* _Raw data_
== == ==

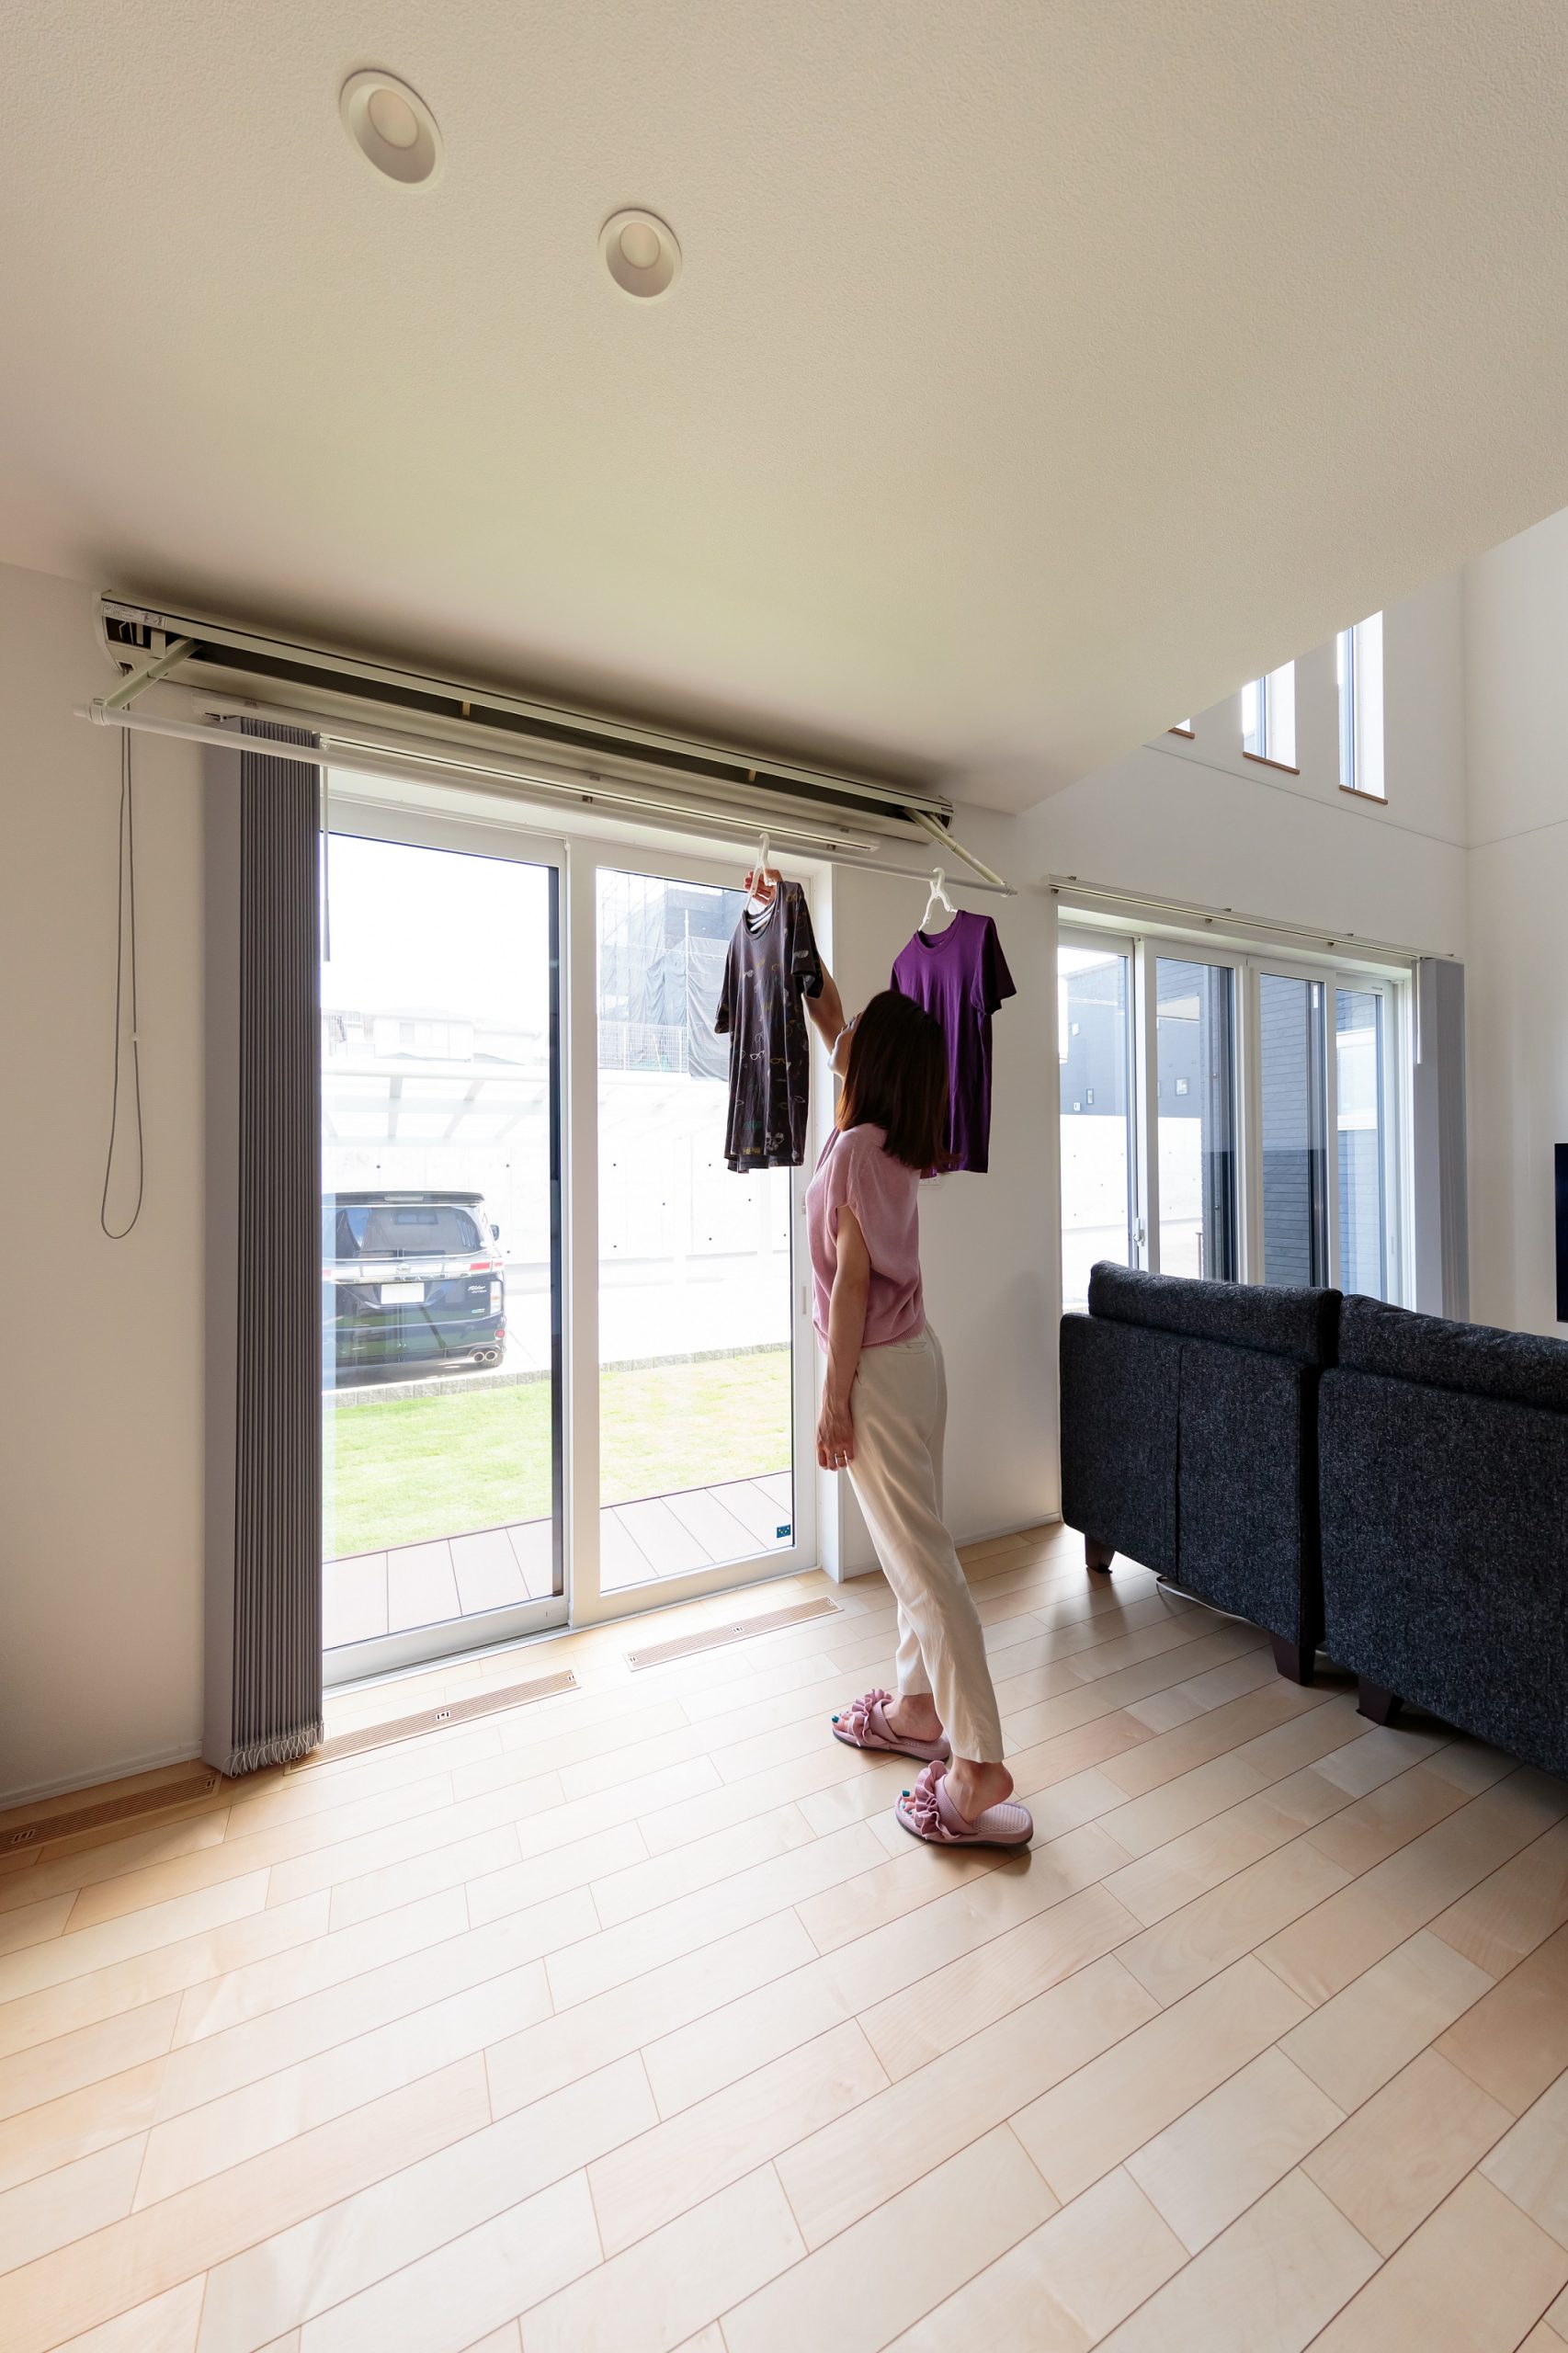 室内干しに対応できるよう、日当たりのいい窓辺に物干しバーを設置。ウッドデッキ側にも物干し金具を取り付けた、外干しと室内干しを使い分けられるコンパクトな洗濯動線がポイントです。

== == ==

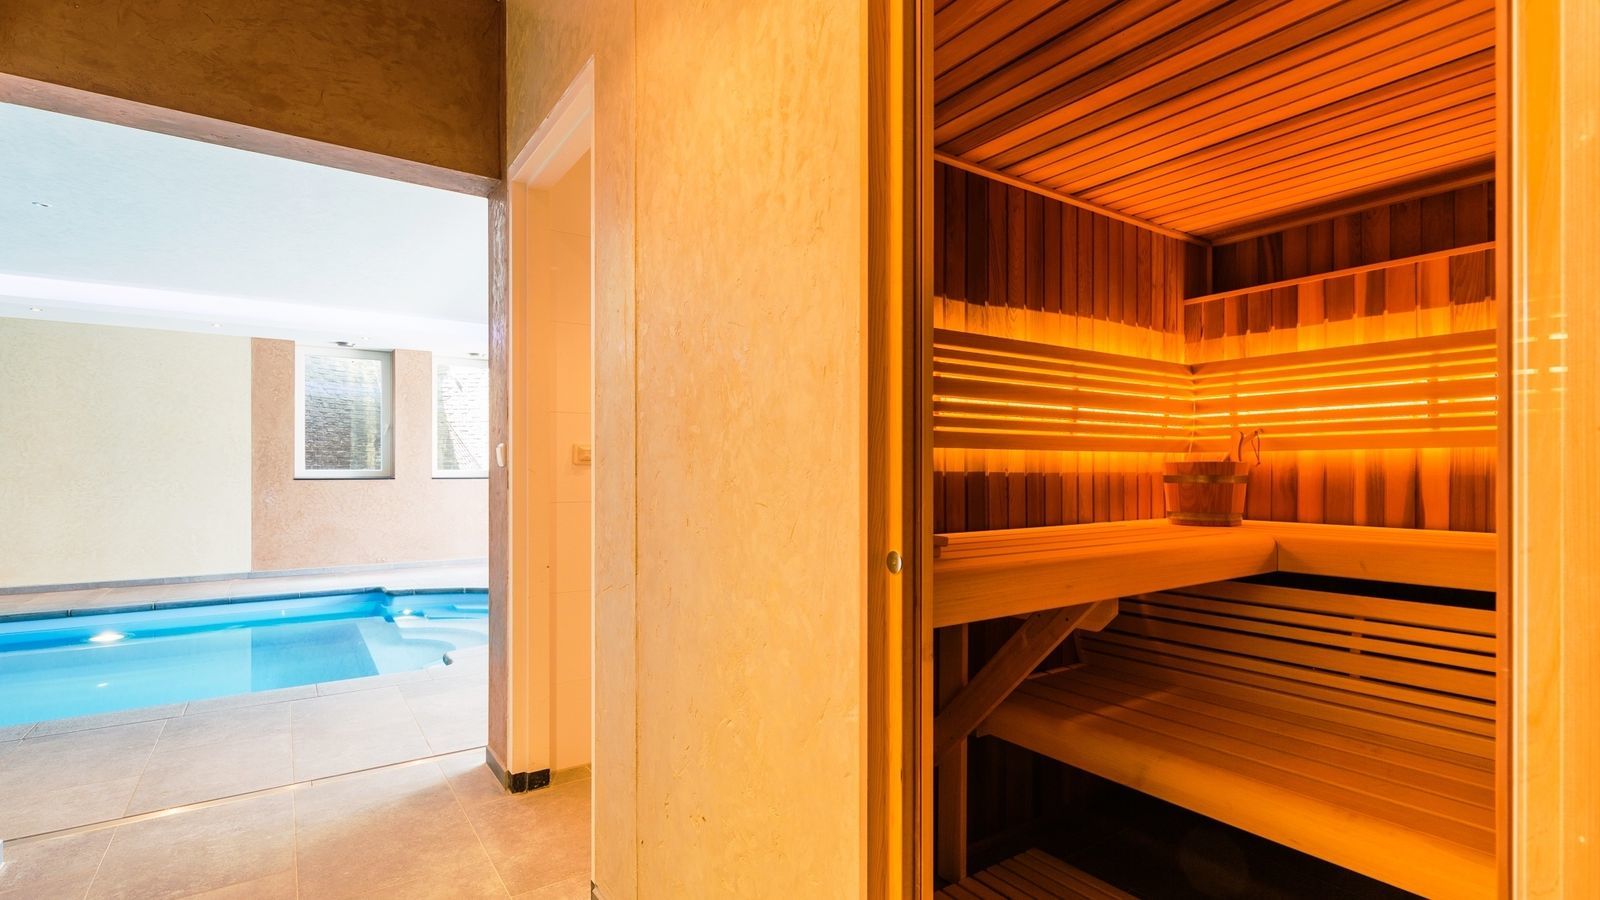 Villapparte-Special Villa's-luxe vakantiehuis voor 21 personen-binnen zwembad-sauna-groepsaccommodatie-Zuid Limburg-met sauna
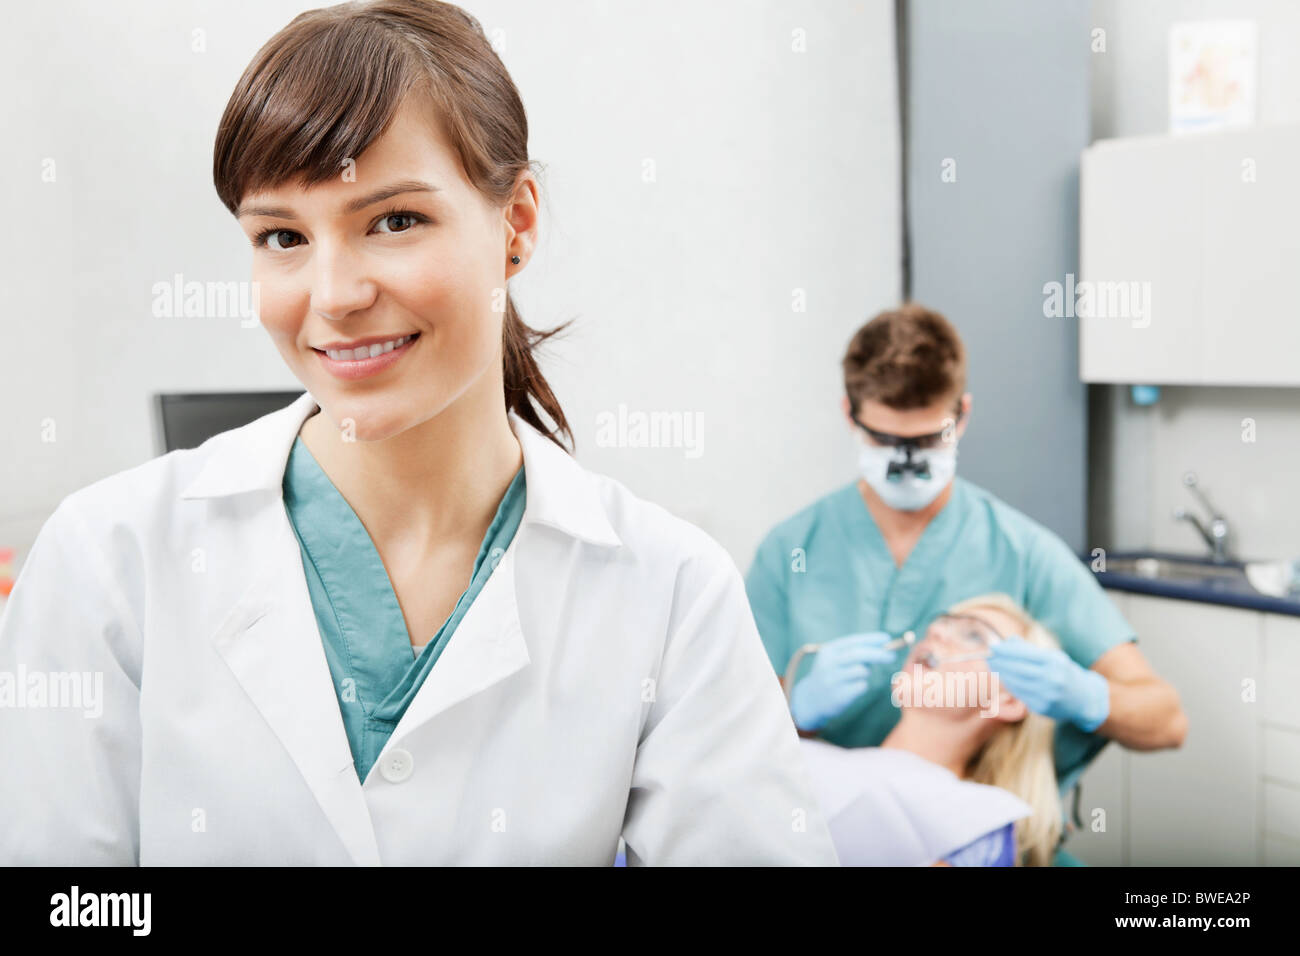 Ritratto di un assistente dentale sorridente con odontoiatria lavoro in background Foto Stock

== == ==

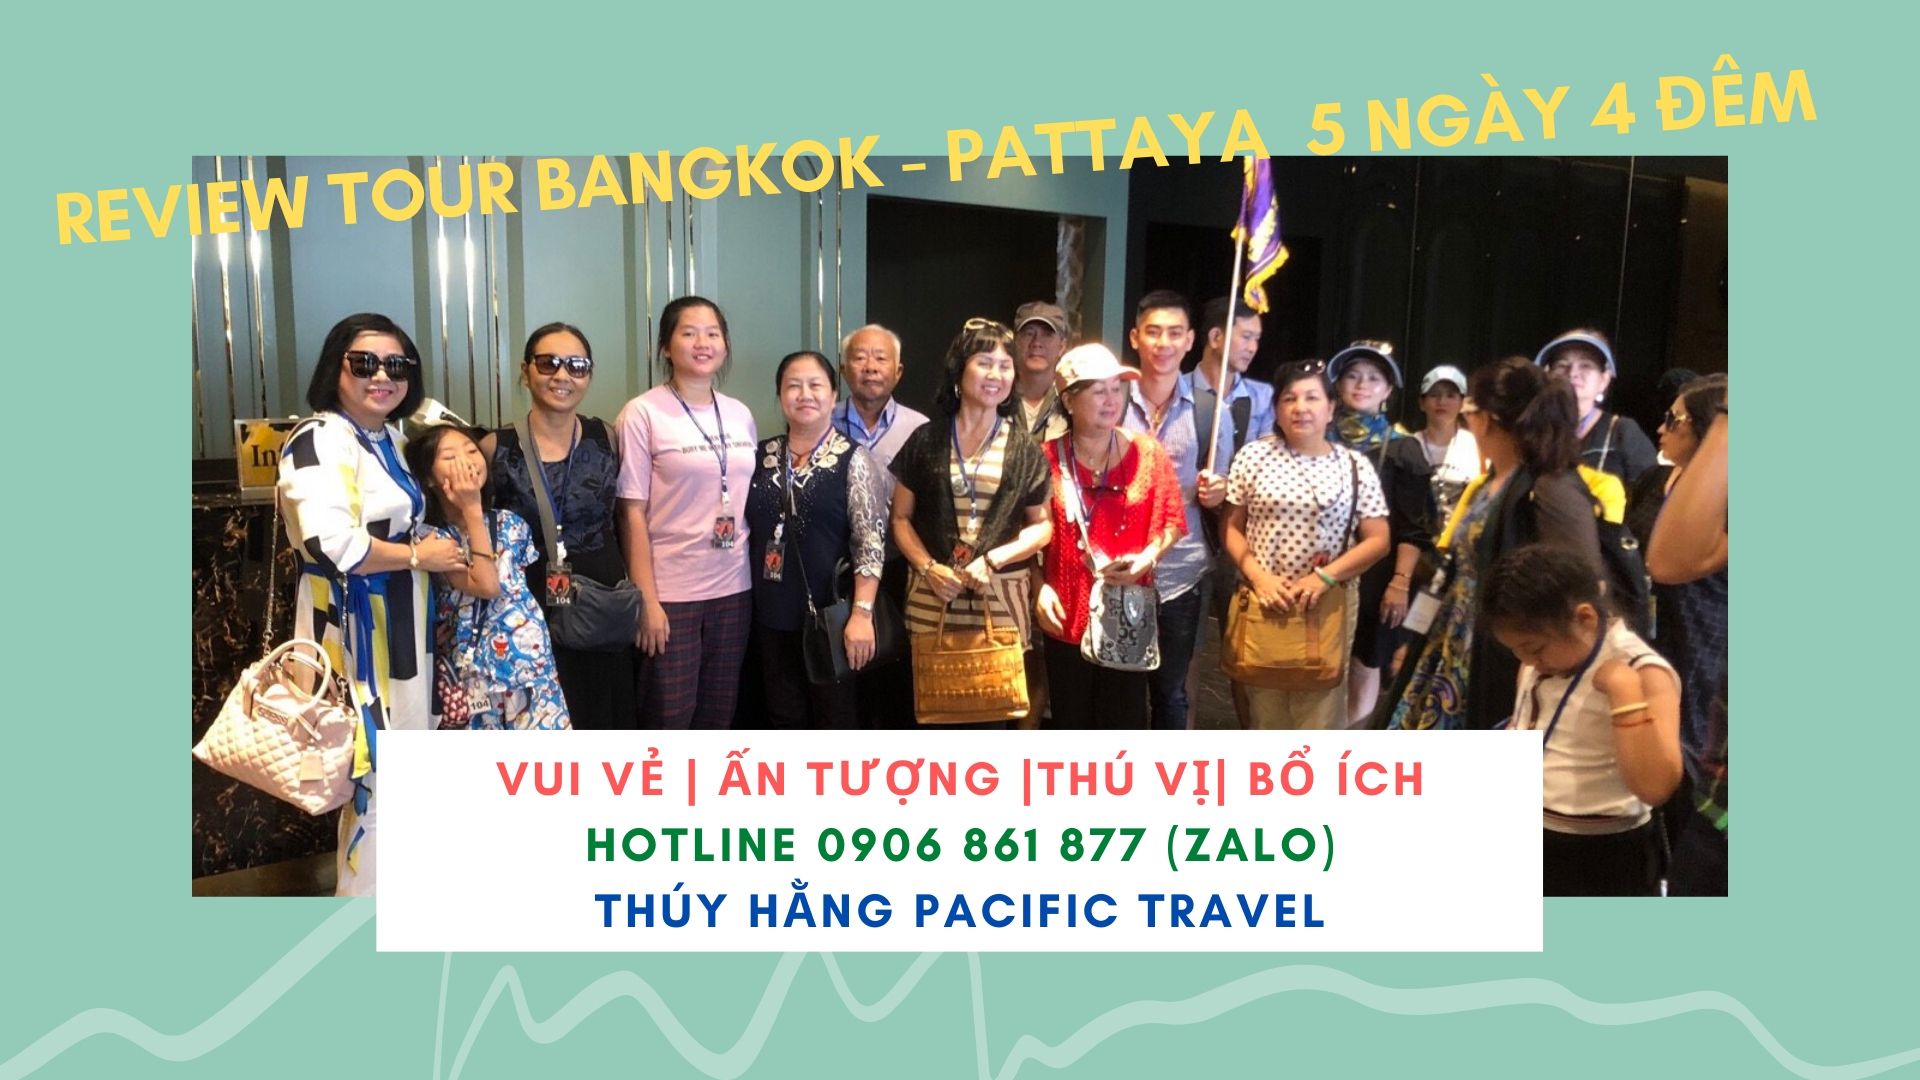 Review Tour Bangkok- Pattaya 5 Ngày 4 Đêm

== == ==

* _Your goal_
Beginning with the line above that contains "Villapparte-Special Villa's-luxe vakantiehuis" and finishing with the line that contains "Ritratto di un", print those lines exactly and only. Skip all pictures.

* _Answer to the exercise_
 Villapparte-Special Villa's-luxe vakantiehuis voor 21 personen-binnen zwembad-sauna-groepsaccommodatie-Zuid Limburg-met sauna
 Ritratto di un assistente dentale sorridente con odontoiatria lavoro in background Foto Stock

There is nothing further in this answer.